# Husband says he wants to look forward to coming home



## sunlimited00 (Mar 25, 2008)

My husband and I have been married 14 years and have 2 girls, ages 10 and 13. We started marriage counseling 2 months ago to help us work through our communication issues and to help my husband understand some resentment I have towards him.

*Our counseling session last night did not go over well with me. My husband said he wants to look forward to coming home.* *That killed me!!!!*

*In the past couple months, our lives had made a 180 for the best! The emotionally connecting, making love almost every night, going out with friends again!*

I was extremely upset after our session. He reassured me that he loves me more than anything, hugged and kissed me. He looked into my eyes and said he feels the closest to me then he's ever felt! 

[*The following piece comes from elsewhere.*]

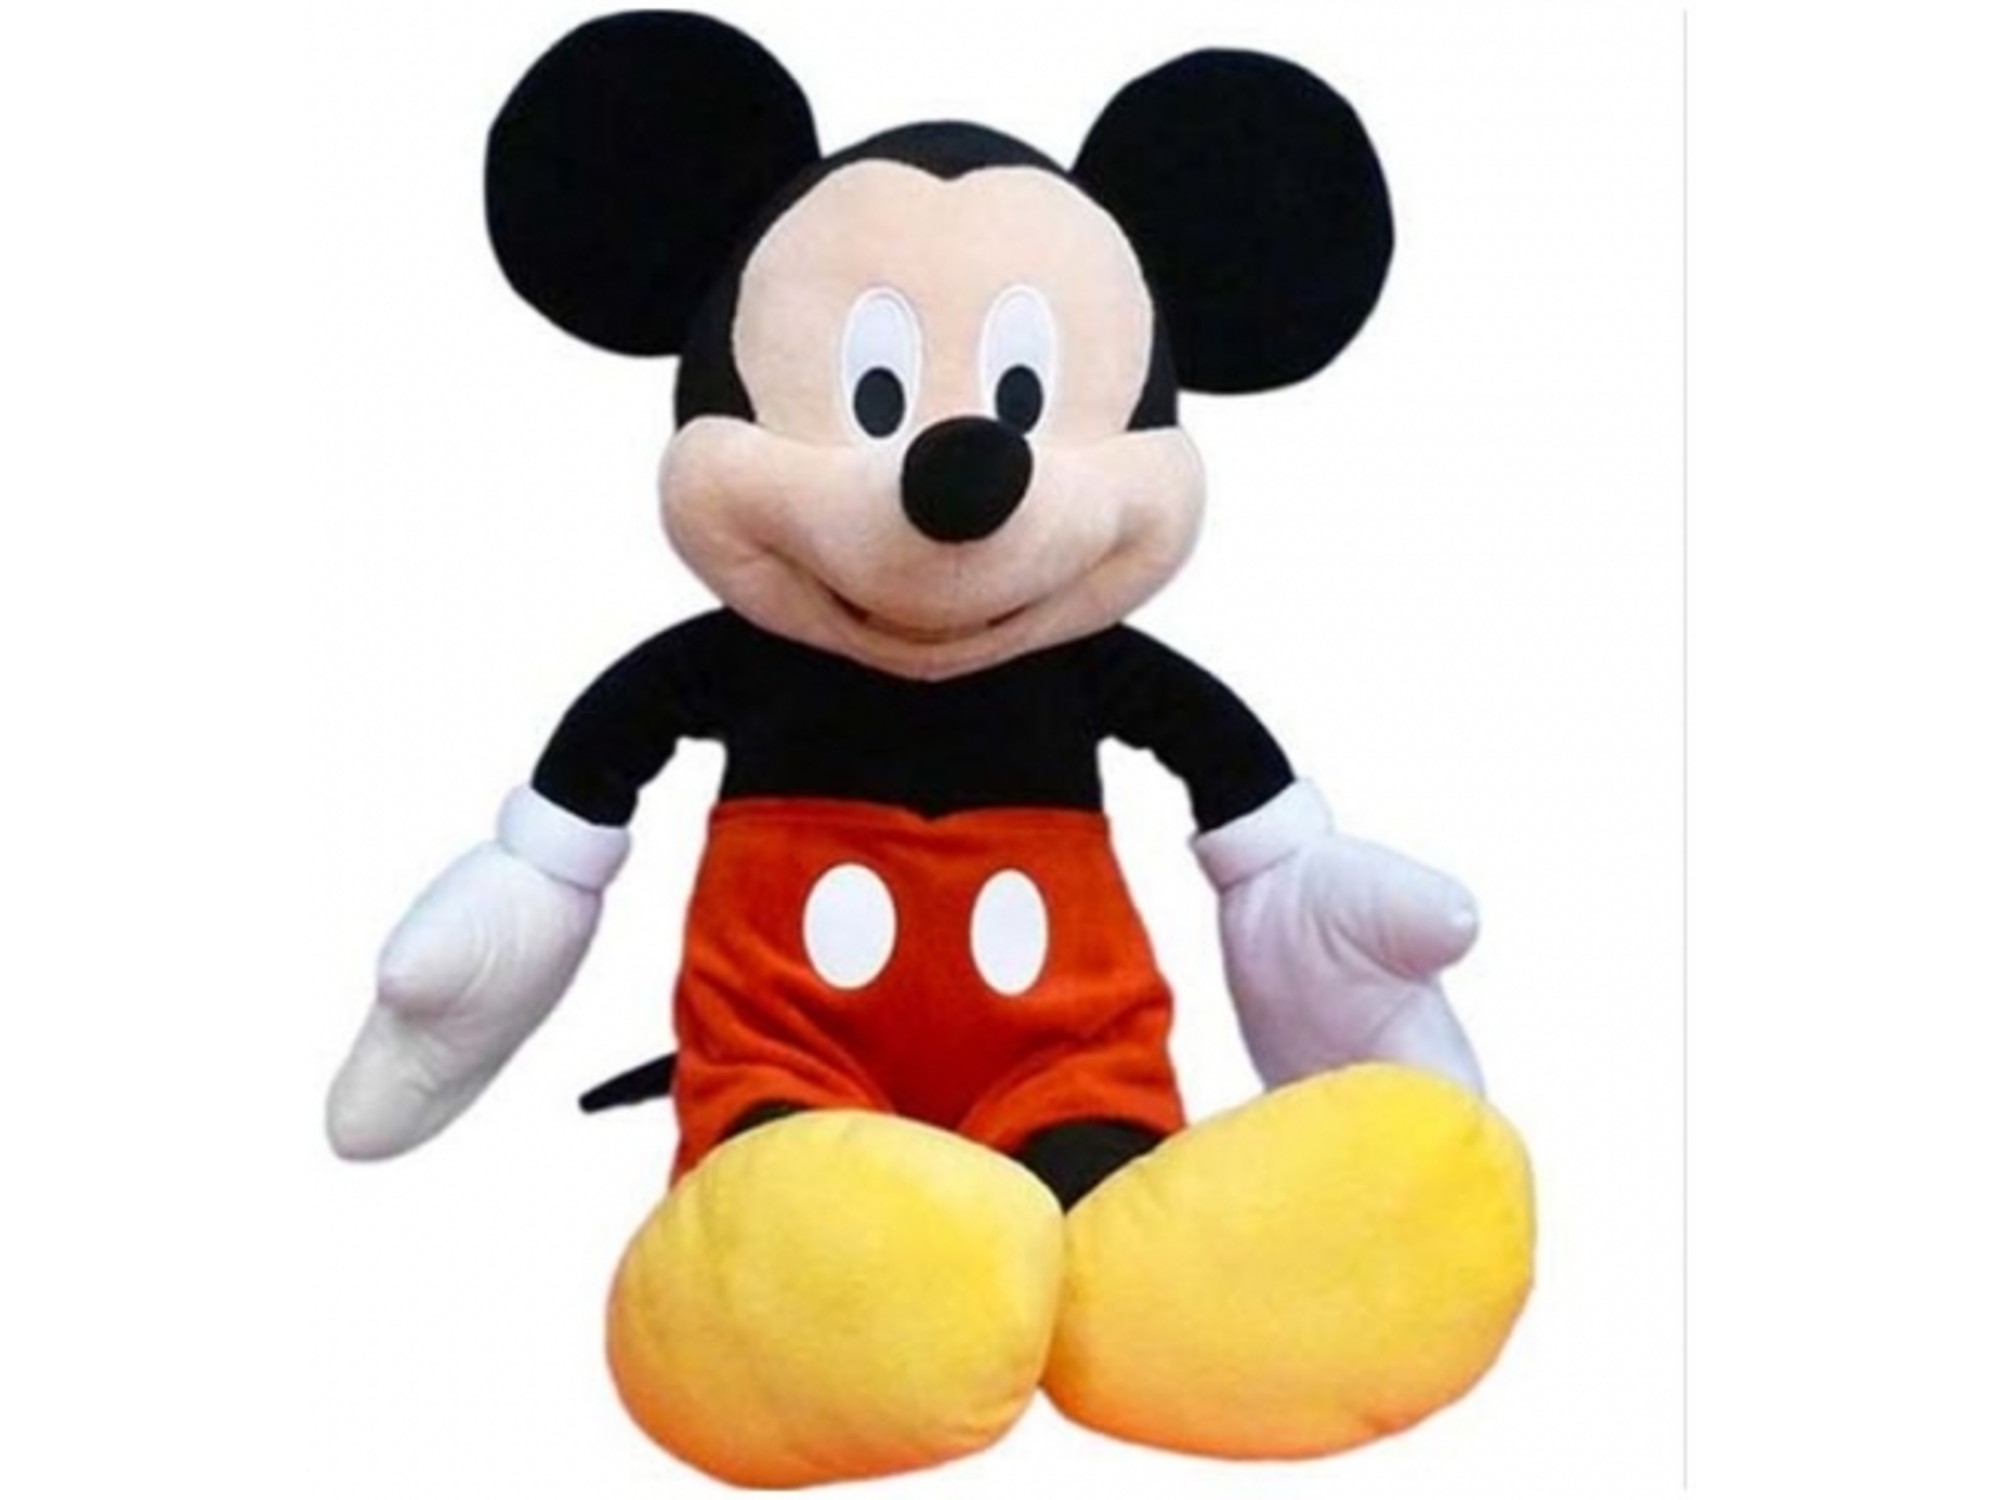 Disney Mickey Plišana igračka 22cm D-2003

He then left to have drinks with some friends from work (He had made these plans earlier in the day). When he got home I told him I was upset for him having left. I haven't spoken with him since.

*Am I wrong for being mad? What does he mean by "I want to look forward to coming home?" 
I am soo hurt!*


----------



## draconis (Oct 3, 2007)

I think you are making a mountain out of a mole hill. Personally he could just mean he was excited about coming home. It seems he is more into the marriage now then ever before. You stand at a cross road. Either you move forward from here and make things better or you risk losing it all, he gave a little you should too.

draconis


----------



## Immortalone (Mar 5, 2008)

It could be a simple mis talk of words and He might have meant he looks forward to coming home more now then he did in the past. Not for sure wasn't there. If your working on your communications skills with each other then why not simply ask him what he meant. Tell him you felt things have been going realy good but if there is something else he is missing that he needs then he needs to tell you. Not talking to him is doing the opposit of what all the councling is about.


----------



## GAsoccerman (Mar 24, 2008)

why don't you ask him what he means?

I want to look forward to comming home to....But I am talking about my wife in a provacative outfit wanting to "play"

Maybe he wants to spice things up a bit


----------



## carmaenforcer (Mar 7, 2008)

We can not possibly know what your husband meant, for the statement he made or at least your retelling of what he said was without any context. We don't know the conversation that lead to that statement, his true feelings (his take), on your perceived progress nor whether any of this meets his needs and wants.

Please know that although you might have been getting the forward progress that you wanted out of the counsellings sessions, he might still not be getting what he wants out of them and so there might still be some work to be done on your part.

All of what we might advise to you or opinion on is all just conjecture and without further insight into the true nature of the situation, then no one, not even yourself can help. 

I can offer some sound generic advice that can help clarify this any future misunderstandings, just ask him. Sounds really simply, I know, but it's not trust me. The hard part of this, is that you have to be calm, open minded and stay that way regardless of what he says. I myself am working on this technique, with the operative word being "working on", well that was two words, but you know what I mean.
Let him get whatever he want off of his chest without the fear of you getting mad, then just calmly try and work it out. 
If you do not agree with what he is having issue with, don't express your differing opinion until he is done talking. When you do respond, do so calmly and without anger. If for some reason you can't, just listen to him. Take a break, go off and run it through your head a few time, and then later come to him with your side. Who knows, if you give yourself enough time to calm down and let the initial anger dissipate maybe you will eventually reach the point of empathy and understanding.
Remember, that you are in this together. 
By this, I mean "The Relationship".
It sound to me like you are at least trying to make steps forward and that's the best you can do already. 
Try and not over think it, too much. I have a problem with "over thinking" things myself.


----------